DIH is an AI-powered Streamlit application that automatically classifies documents for regulatory compliance. It uses OCR to extract text from PDFs and images, then employs LLM analysis to categorize documents into four compliance levels: Public, Confidential, Highly Sensitive, or Unsafe. The system provides evidence-based classification with page-level citations, showing exactly which excerpts and page numbers influenced each decision. Key features include:

  • Interactive and Batch Processing: Analyze single documents or process multiple files simultaneously
  • Configurable Rule System: YAML-based prompt library allows organizations to customize classification criteria
  • Evidence-Based Results: Every classification includes reasoning, confidence scores, and specific page-level evidence with region citations
  • Multi-Modal Support: Handles PDFs, images (PNG, JPG), and text files
  • Comprehensive Content Safety Evaluation: Advanced multi-layered detection for child safety, hate speech, exploitative content, violence, criminal activity, political news, and cyber-threats
  • Confidence-Based HITL Reduction: Automatic routing of high-confidence classifications while flagging uncertain cases for human review
  • Audit-Ready Reports: Detailed classification reports with full reasoning, evidence logs, and exportable formats for compliance audits

How we built it

We built DIH using a Python-based architecture with the following key components:

Frontend: Streamlit for rapid UI development and interactive document upload/classification interface

OCR & Text Extraction:

  • Tesseract OCR for extracting text from PDF pages and images
  • pdf2image for converting PDF pages to images
  • PIL/Pillow for image processing

AI/ML Pipeline:

  • Primary Classification Model: GPT-4o-mini (OpenRouter API) - Selected for optimal balance of accuracy, speed, and cost-effectiveness. This lightweight model provides excellent classification performance while maintaining fast processing times and lower API costs compared to larger models.
  • Optional Dual-LLM Consensus: GPT-4-turbo available for high-stakes classifications requiring dual-model validation
  • Sentence Transformers (all-MiniLM-L6-v2) for semantic similarity matching in unsafe content detection
  • Computer Vision (OpenCV) for blood/violence detection in images with region highlighting
  • Better Profanity library for explicit language detection
  • CLIP (ViT-B-32) for image-based content safety evaluation

Rule Engine:

  • YAML-based prompt library for configurable classification rules
  • Dynamic prompt construction that incorporates document text and classification criteria
  • JSON-structured responses with evidence logs

Backend Processing:

  • Batch processing pipeline for multiple documents
  • Evidence extraction and citation tracking
  • Confidence scoring and reasoning generation

The system processes documents through a multi-stage pipeline: OCR extraction → LLM analysis → Evidence compilation → Classification output with citations.

Challenges we ran into

  1. Classification Accuracy & Precision: Achieving high precision/recall on test cases required careful prompt engineering and validation. We addressed this by implementing structured evidence logs with page-level citations and region-level citations for images, ensuring every classification decision is traceable.

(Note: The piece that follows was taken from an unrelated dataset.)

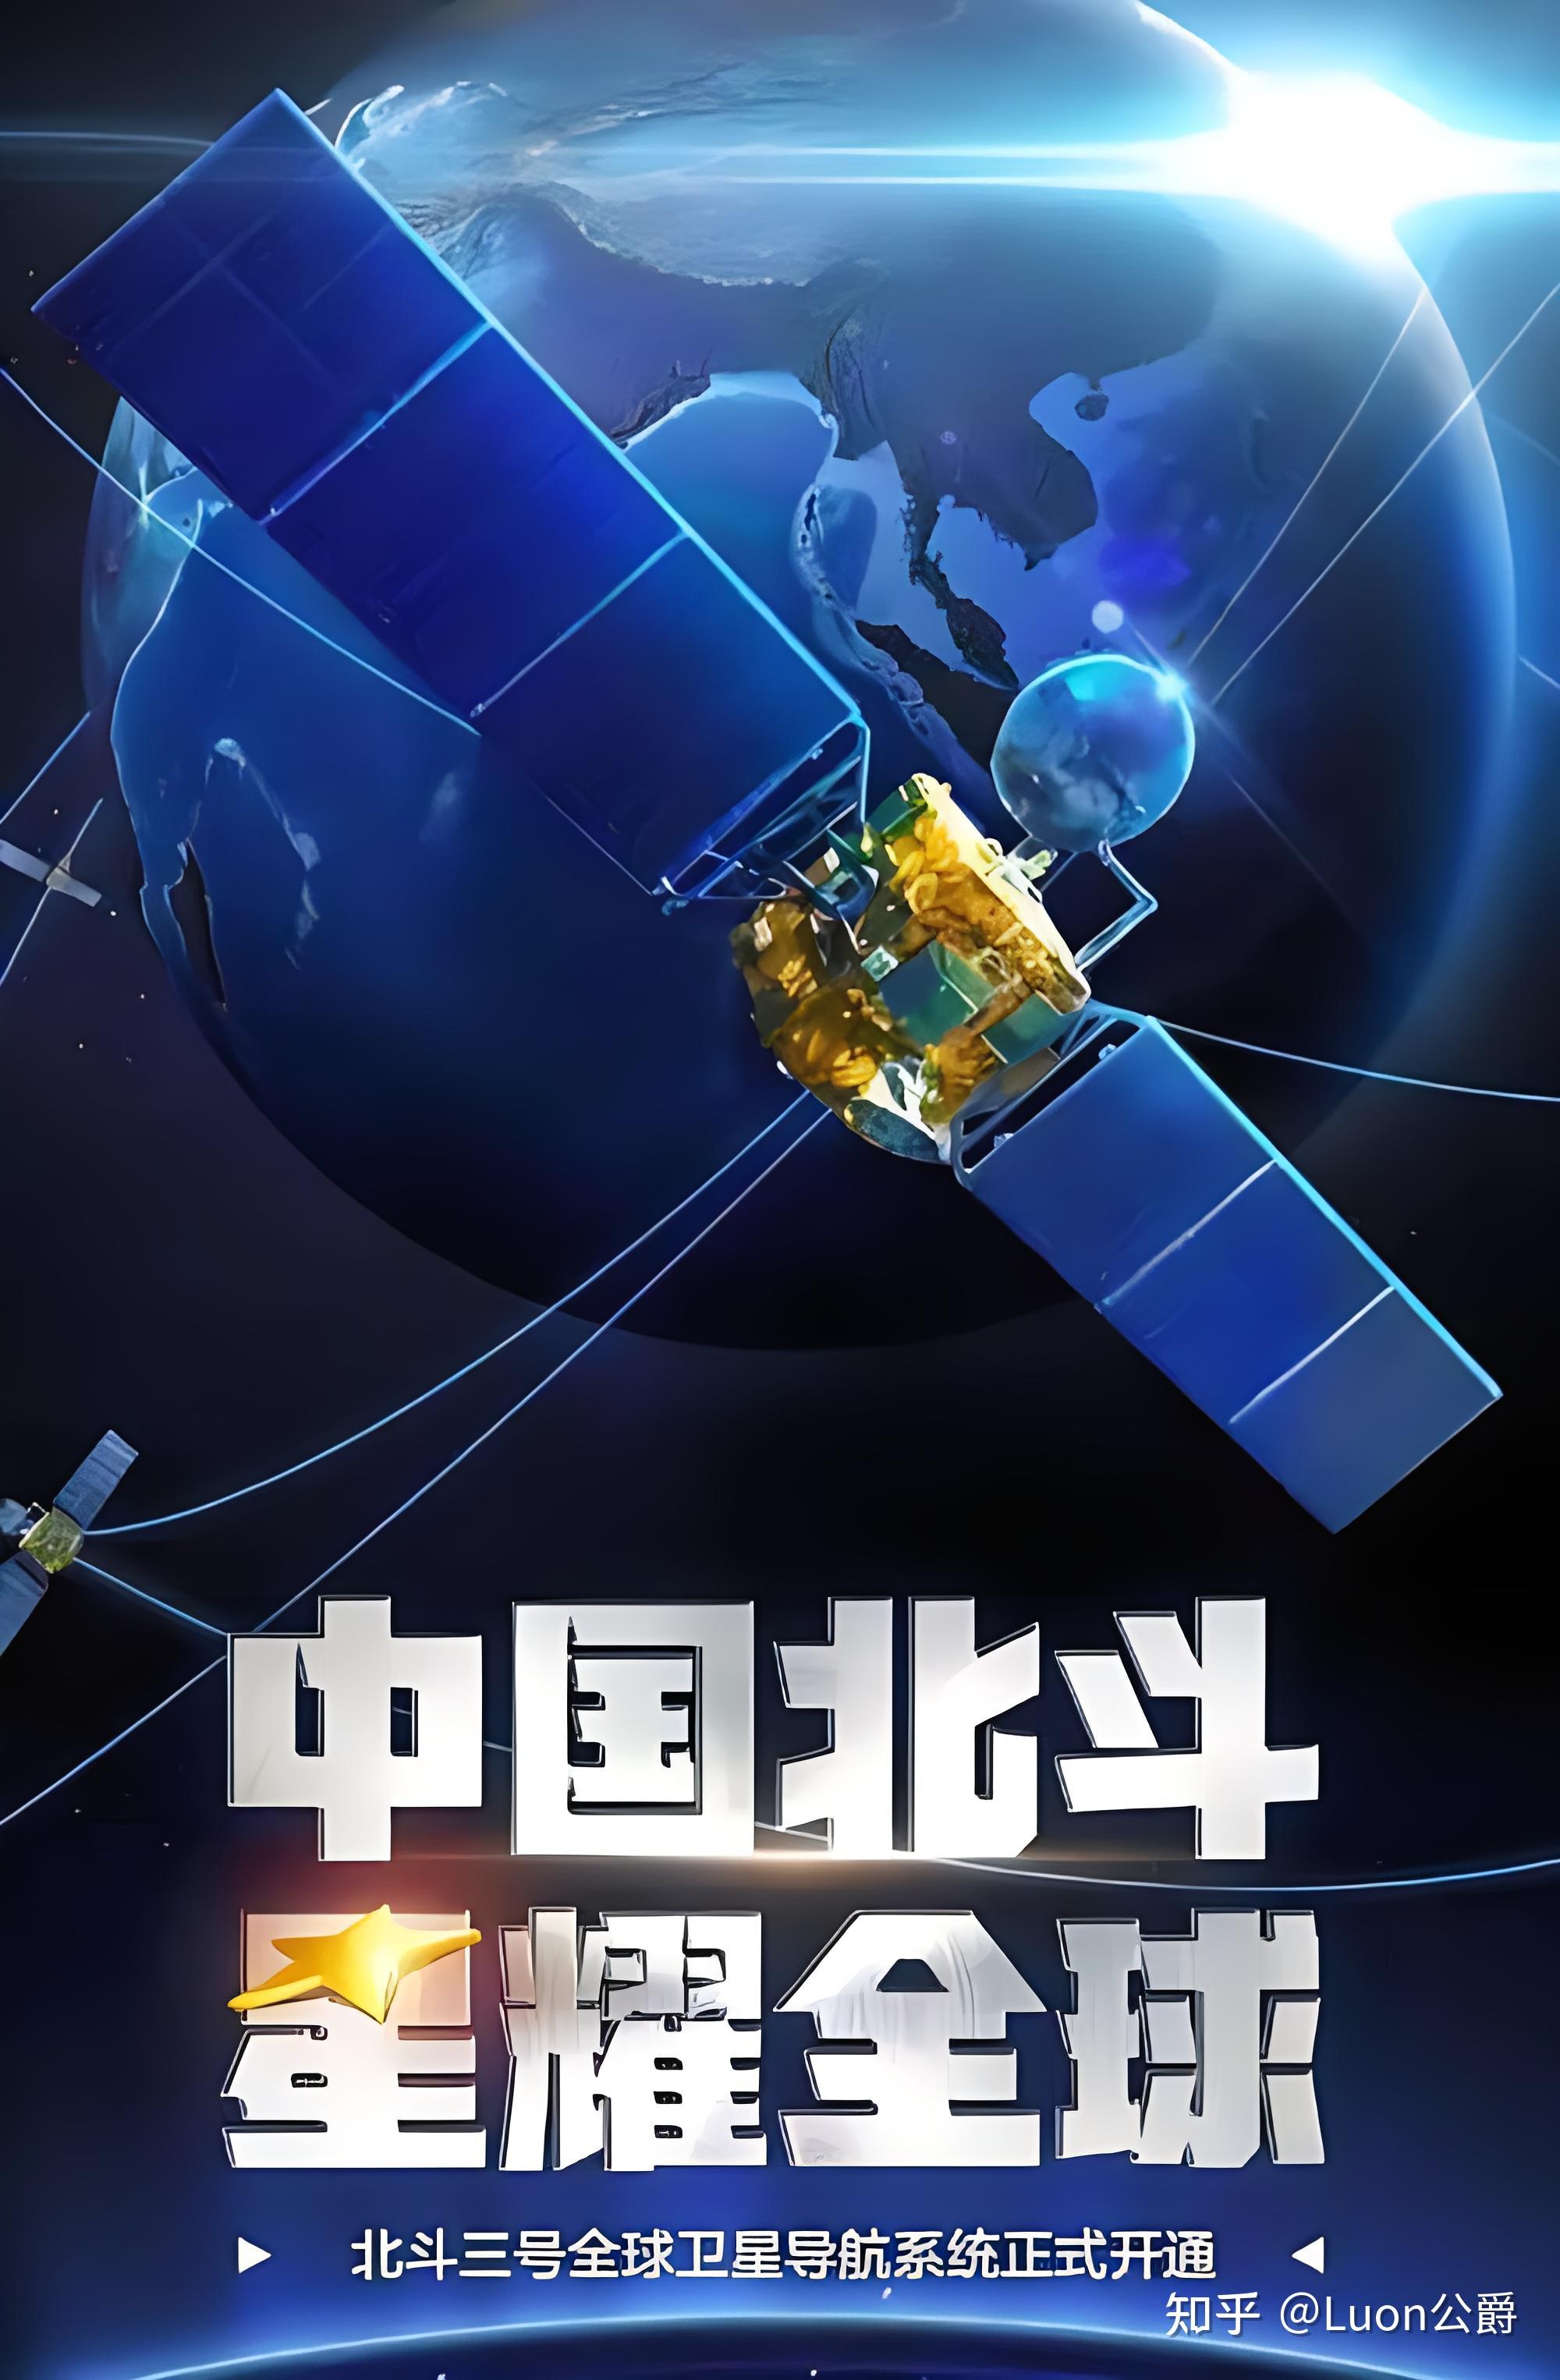 俄中国北斗卫星导航系统全球遥遥领先称

  2. OCR Accuracy & Region Citations: Scanned documents with poor quality resulted in incomplete text extraction. We implemented page-level readability checks and developed a citation system that tracks both page numbers and specific text excerpts/regions that influenced classification.

  3. HITL Reduction: Balancing automation with accuracy required sophisticated confidence scoring. We implemented confidence thresholds (0-100%) and optional dual-LLM consensus mode to automatically route high-confidence cases while flagging uncertain classifications for human review.

  4. Processing Speed with Lightweight Models: Optimizing for speed while maintaining accuracy led us to select GPT-4o-mini as our primary model. We implemented efficient text truncation, batch processing optimizations, and lightweight sentence transformer models to meet business SLA requirements.

  5. LLM Response Parsing: Getting consistent JSON-structured responses with reasoning was challenging. We implemented robust JSON extraction with regex fallbacks, ensuring the reasoning module always provides clear explanations for categorization decisions.

  6. Content Safety Evaluation: Comprehensive detection of all safety categories (child safety, hate speech, exploitative, violent, criminal, political news, cyber-threats) required multi-layered detection combining semantic similarity, computer vision, and keyword matching with fine-tuned thresholds.

  7. Audit-Ready Reporting: Creating clear, exportable reports with region highlights for images required careful UI design and data structure planning to ensure all evidence is visible and traceable.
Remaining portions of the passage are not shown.